New Pathology and Gastroenterology Evidence
New pathology evidence, which meets the Palmer tests, is now before the Court in the
reports and testimony of Dr. Pollanen, the Chief Forensic Pathologist for the Province of Ontario,
and Professor Bernard Knight, a world-renowned pathologist. Both have provided unqualified
opinions that Dr. Penistan's testimony that Lynne Harper must have been dead by 7:45 pm is wrong
and unscientific. Their evidence-based opinions establish that her death at any time in the night of
June 9, was compatible with the pathological evidence, and that the state of her body's
decomposition supported a finding that she died sometime after midnight. Dr. Diamant, a
>
gastroenterologist, and the first member of his profession to provide an opinion on the case, has
confirmed that the state of Lynne's stomach contents was consistent with her death having occurred
before or after midnight. The Respondent's attempt to answer this evidence with Dr. Spitz's
evidence failed.
-31-
(d)
New Entomology Evidence
i
64.
A substantial body of entomological evidence has been introduced into the case for the first
time. With the lone dissenting voice of Dr. Haskell (and one Dr. Higley), the forensic entomologists
whose evidence is before the Court, and the empirical evidence, prove that Lynne Harper probably
died after sunset on June 9. In fact, it was expressed by the experts in terms of a "high probability".
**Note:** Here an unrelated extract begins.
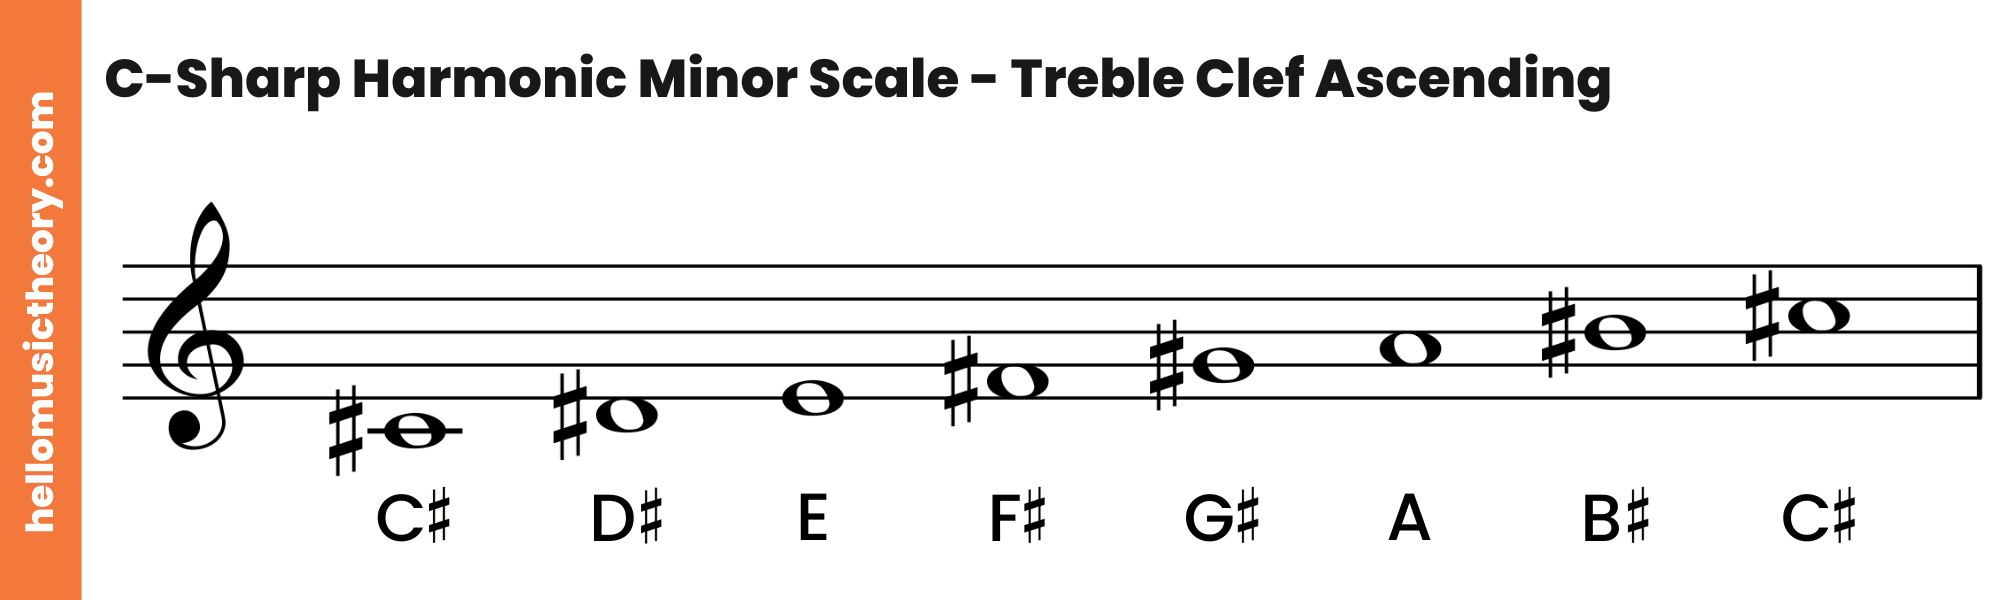 C-Sharp Harmonic Minor Scale Treble Clef Ascending

This evidence meets all four limbs of the Palmer tests, and is material not just to the safety of the
verdict but also to the Appellant's actual innocence.
3.
OTHER SUSPECTS
65.
As a result of previously undisclosed materials in the archives, and more recent police
investigations, there is now substantial evidence of other potential suspects in Lynne's murder. None
of it decisively proves who her killer was, but raises feasible suspects whom, at this late date, it is
impossible to investigate properly. The evidence, without proving who Lynne Harper's killer was,
goes to the safety of the Appellant's conviction, and provides insight into the nature of the police
investigation in 1959, and the Crown's role in the prosecution of the case.
4.
THE REMEDY FOR STEVEN TRUSCOTT
66.
The Appellant has lived with the consequences and stigma of Lynne Harper's murder for
more than 47 years. It is respectfully submitted that on all the evidence this Court should quash his
conviction and enter a verdict of acquittal.